Moving picture, 124 minutes

Seen in 2019.

You know what you said to me once? You said you’d build me a house on a lake. We’d grow old and fat together. And we would fight. Maybe drink too much. And then we would die; and be buried in a meadow by the lake; and the world would forget about us, but we would always have each other.

Arguably hard SF, although power sources make great bombs. Both pros and cons are plain to see. It’s beautiful big-budget substance-monist SF, not drawn from a franchise. It’s clearly influenced by “La Jetée” (1962) and other worthies. Although it does descend quite a ways into mindless The Island-like spectacle along the way, the ending is unusually anti-essentialist and “sfnal” for Hollywood: Tech-52, a non-protagonist clone of the main character, whom the protagonist clone Tech-49 wrestled and left bound, takes his place and everybody’s fine with it.

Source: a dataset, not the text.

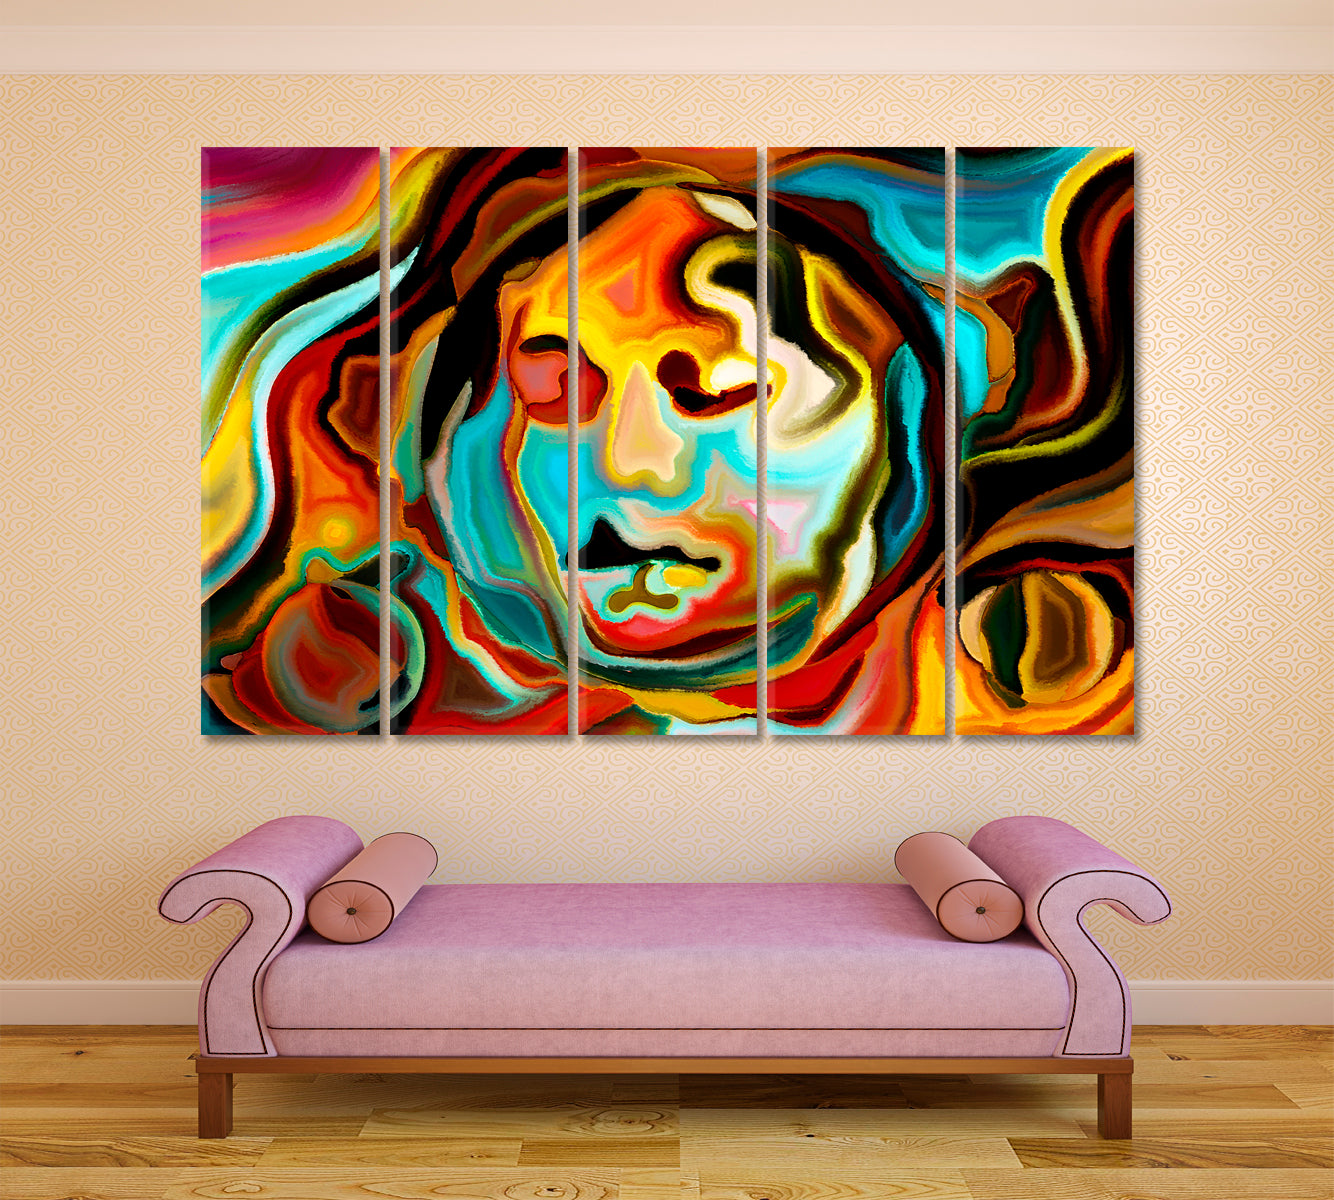 Composition of Human Features, Colors and Abstract Shapes Abstract Art Print Artesty 5 panels 36" x 24"

On the negative side, there’s Tom Cruise, constantly at the focus of the narrative. I like the humble technical brilliance of his character, but you can’t do your own stunts when you’re playing two clones at once, even if you do have scientological superpowers like sensing your own hunger. There are also green screens, a tepid romantic triangle drama where the women keep acting without internal consistency, an indifferent score, an implausible guerilla war, massive earthquakes as the illogical main consequence of the moon breaking up a bit, and a villain who is ultimately reduced to an easily blown-up Death Star that has terrible scanners and inexplicably gives its borrowed voice a theatrically evil tone. Its agenda does not ultimately make sense; it should just be building a Dyson sphere.

References here: Edge of Tomorrow (2014).